## TASK STATEMENT
Repeat every entry exactly. Do not include the pictures.

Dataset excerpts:
★ ★ ★ ★ ★
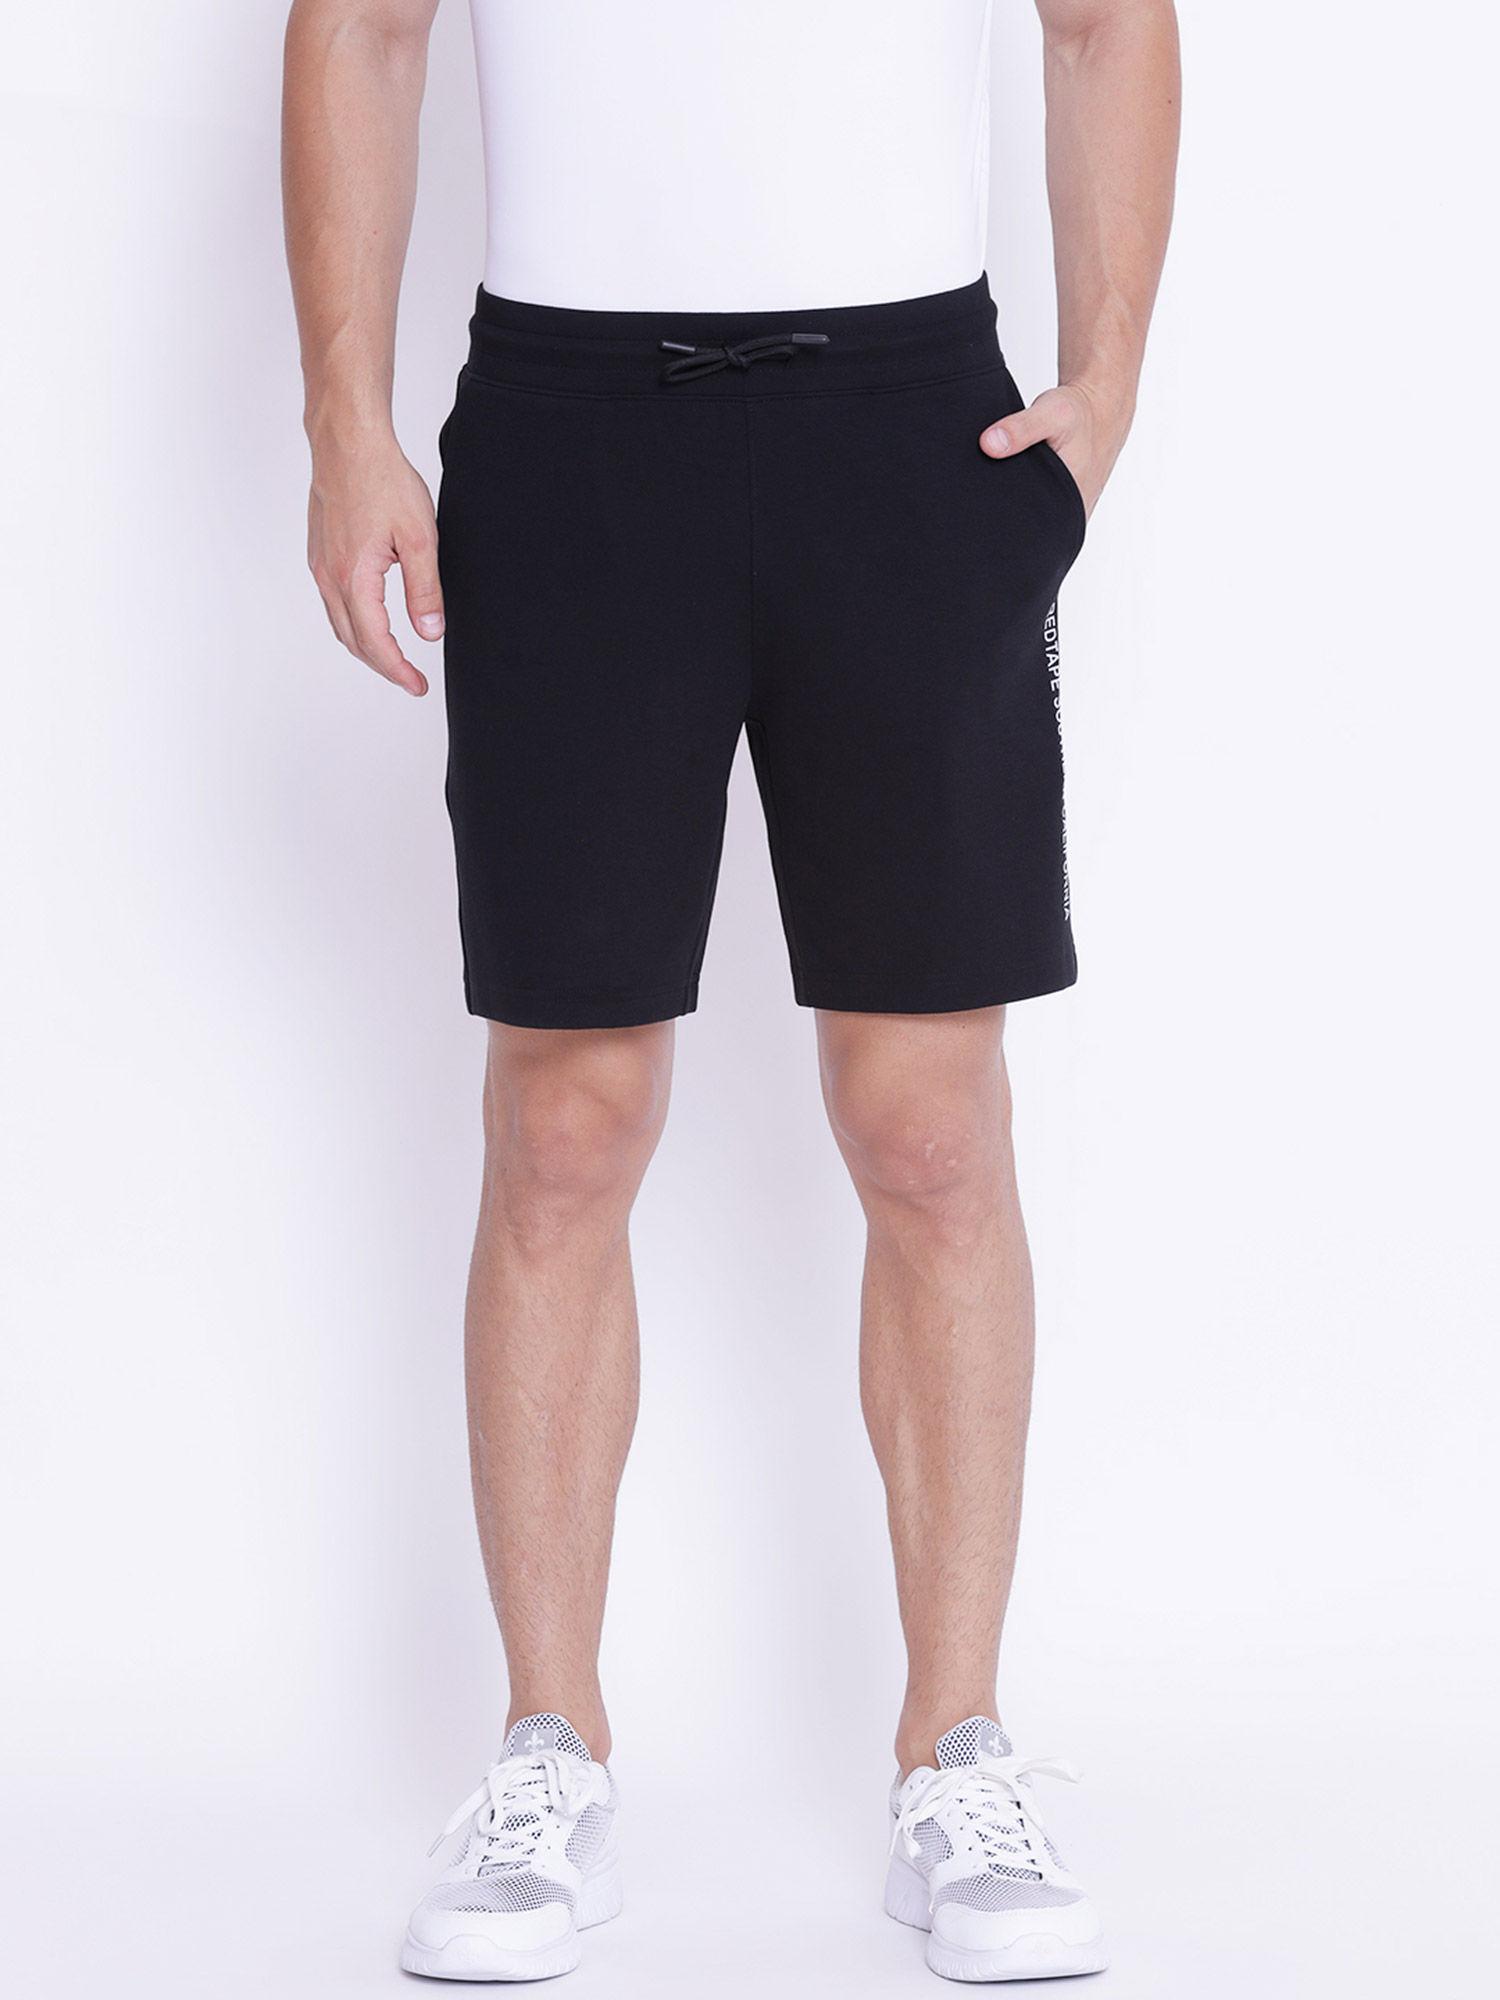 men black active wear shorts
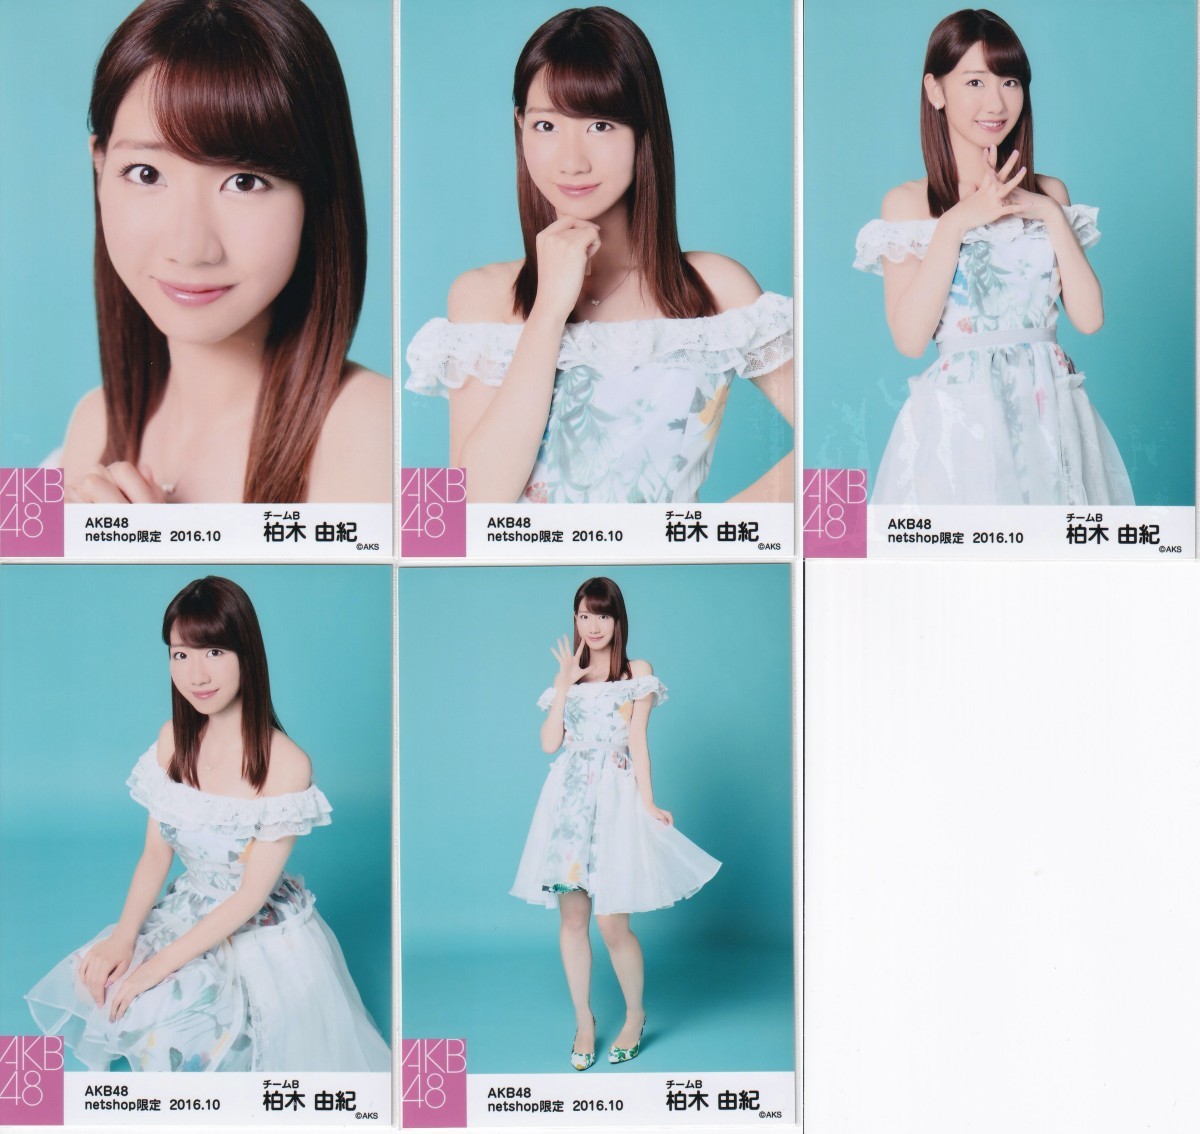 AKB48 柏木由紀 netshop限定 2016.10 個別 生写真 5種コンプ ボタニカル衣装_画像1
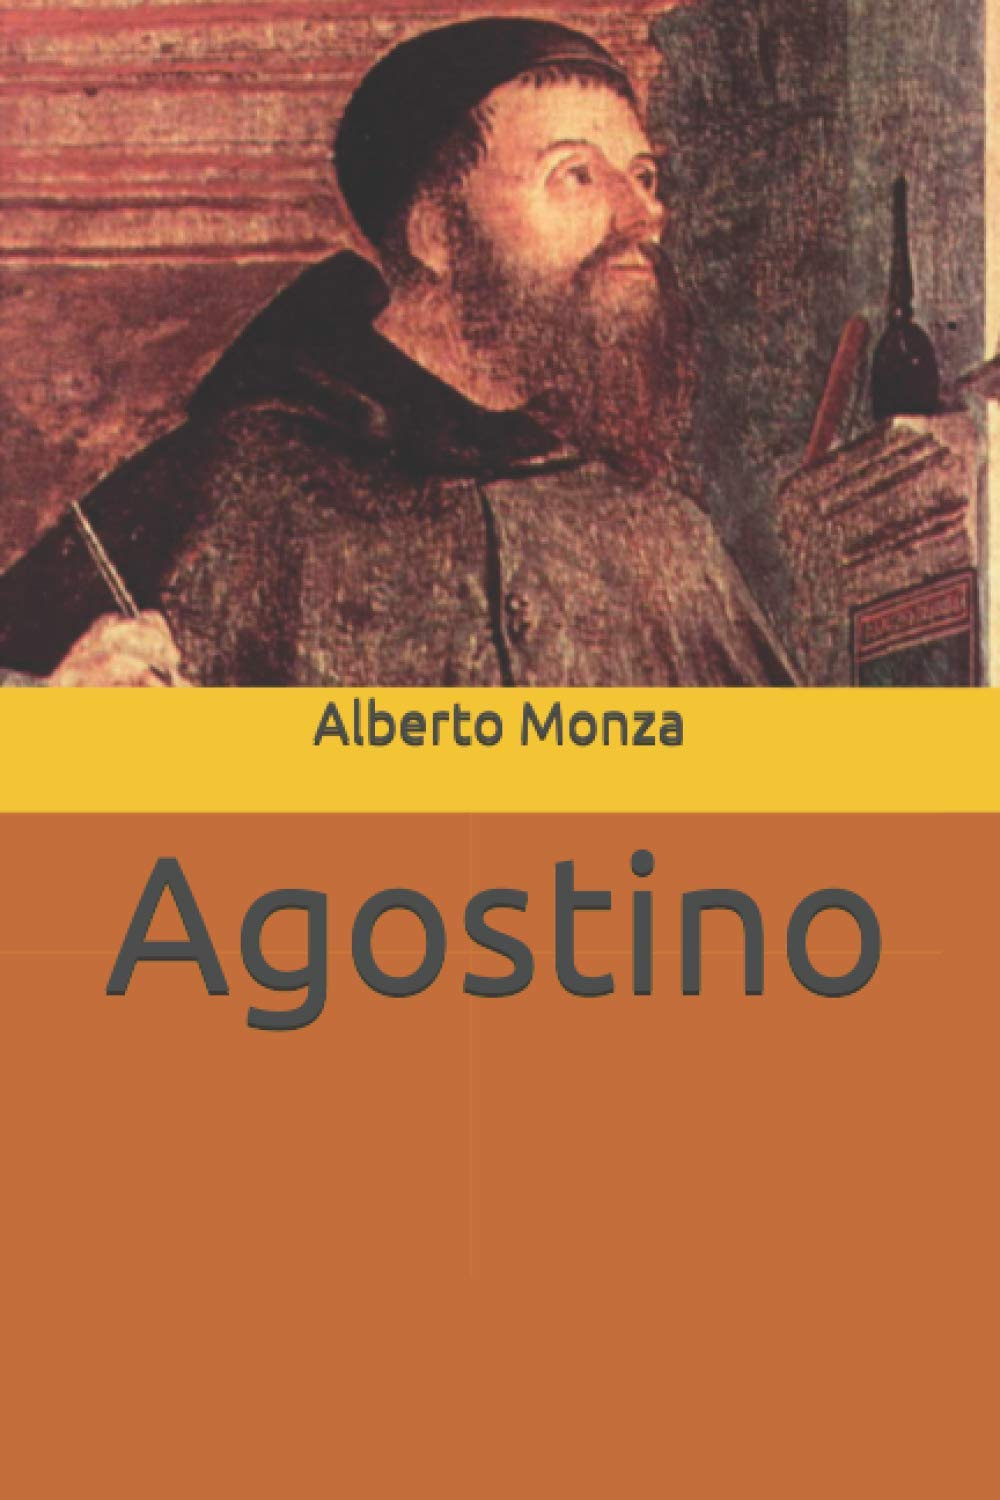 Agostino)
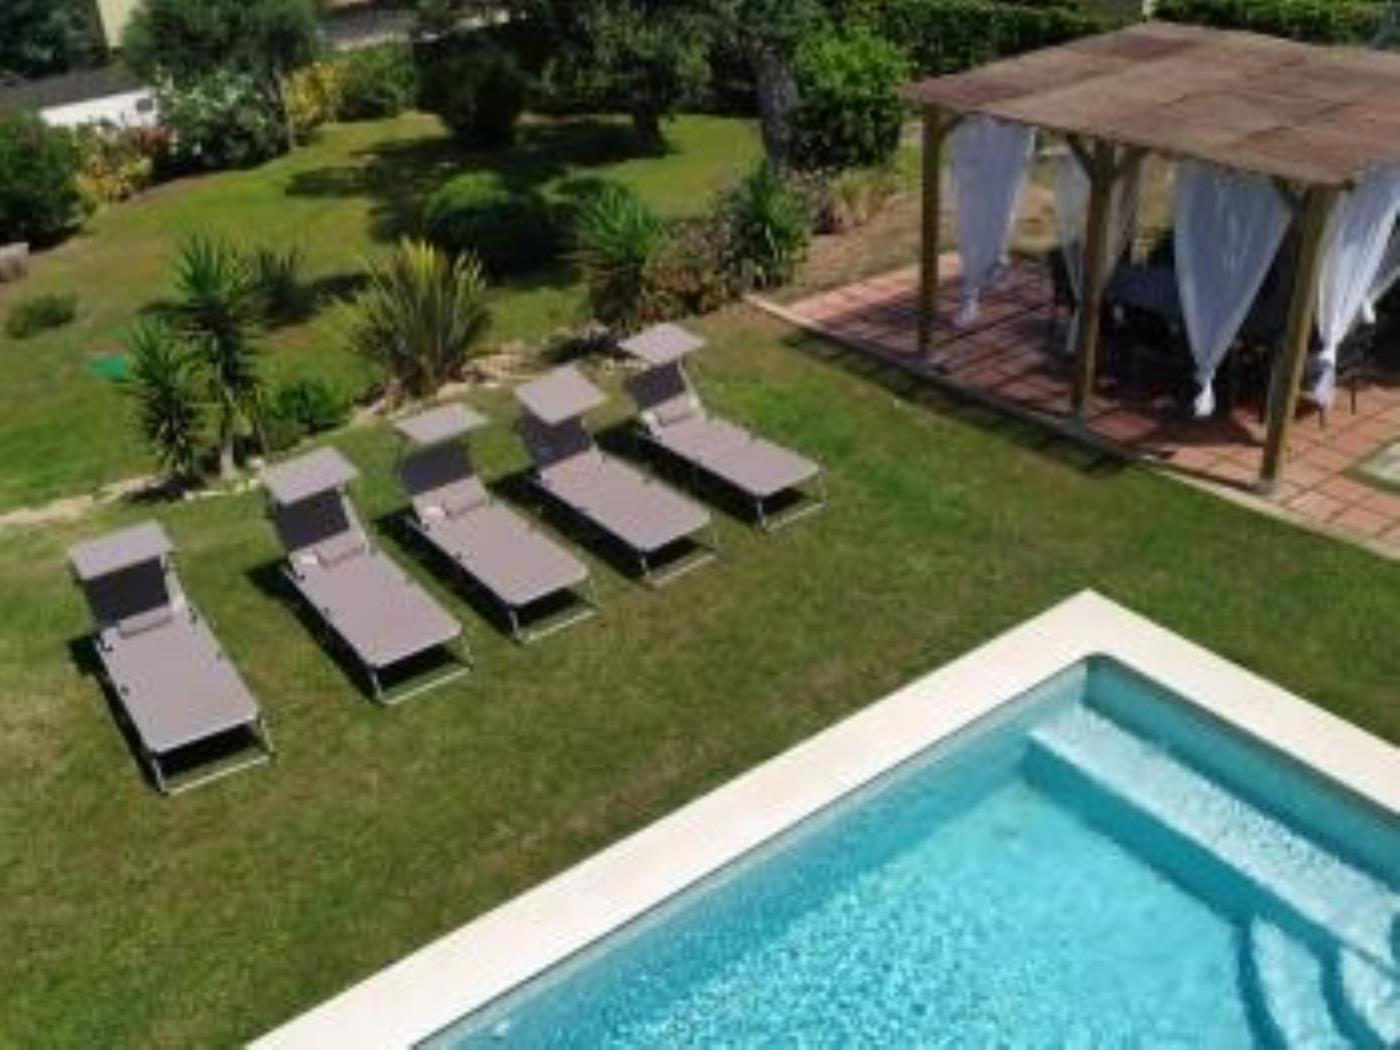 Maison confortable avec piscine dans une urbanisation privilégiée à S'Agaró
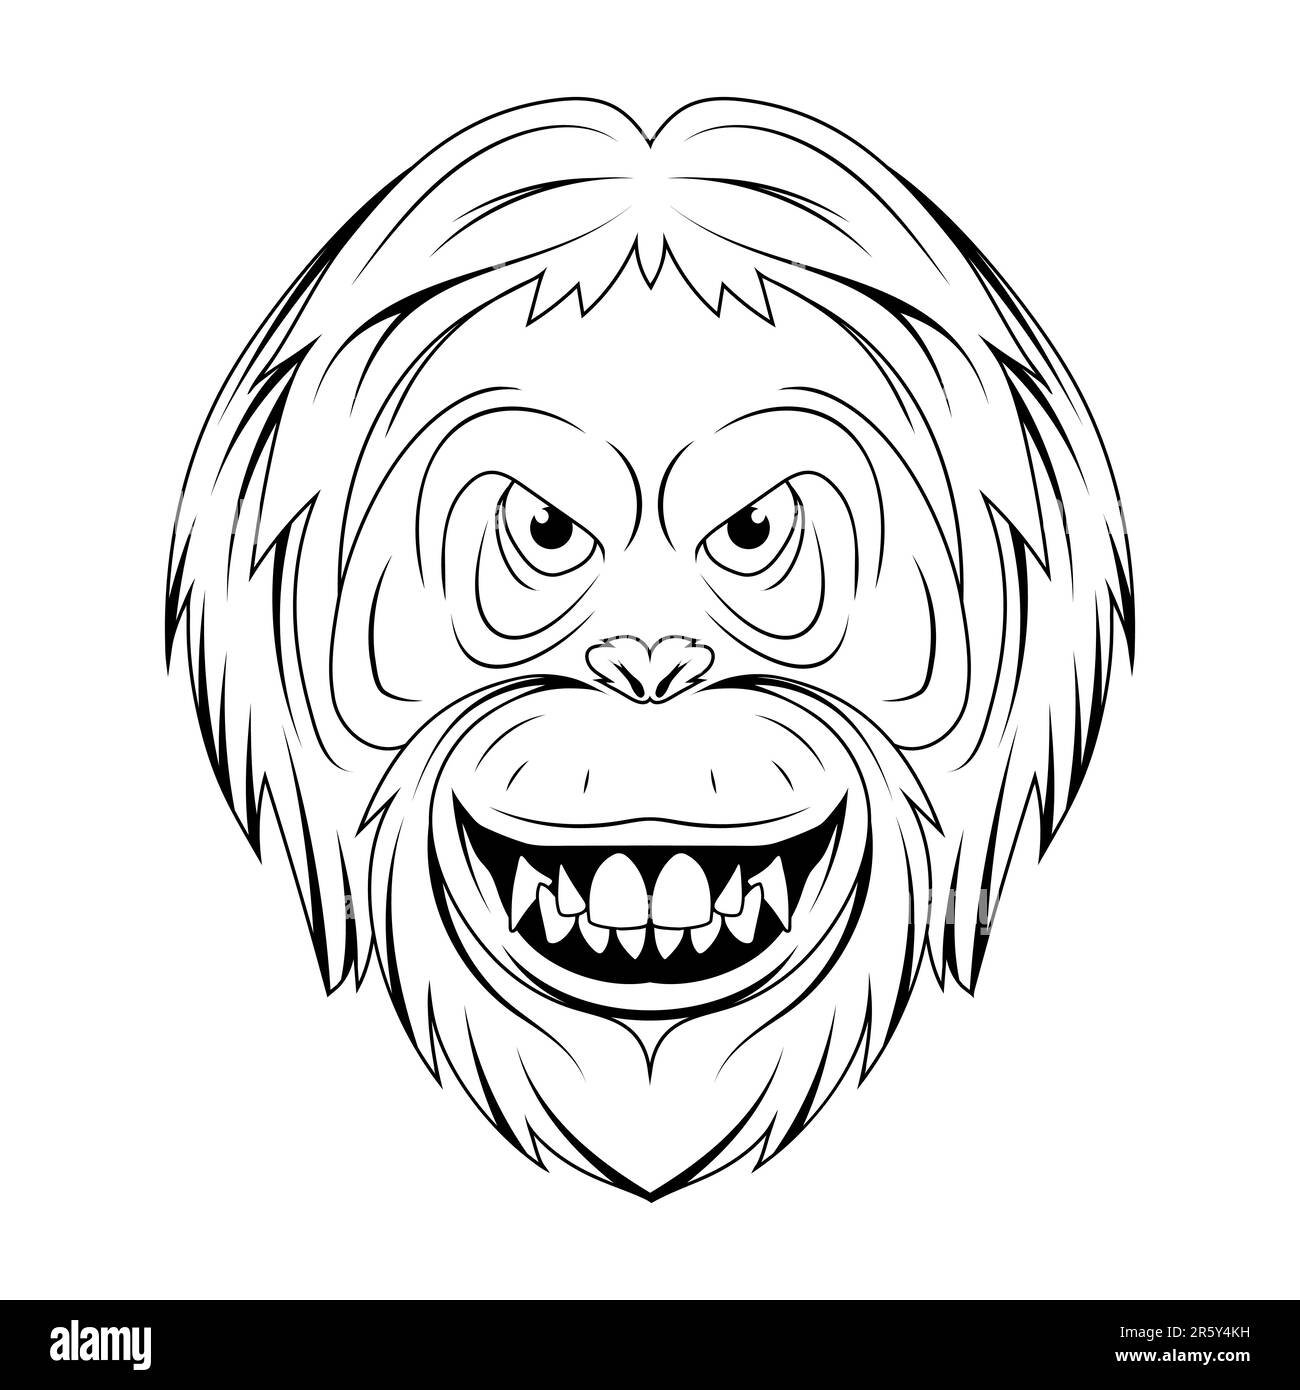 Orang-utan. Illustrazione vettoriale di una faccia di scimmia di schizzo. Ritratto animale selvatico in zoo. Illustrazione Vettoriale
★ ★ ★ ★ ★
## TASK RESULT
 men black active wear shorts
 AKB48 柏木由紀 netshop限定 2016.10 個別 生写真 5種コンプ ボタニカル衣装_画像1
 Agostino)
 Maison confortable avec piscine dans une urbanisation privilégiée à S'Agaró
 Orang-utan. Illustrazione vettoriale di una faccia di scimmia di schizzo. Ritratto animale selvatico in zoo. Illustrazione Vettoriale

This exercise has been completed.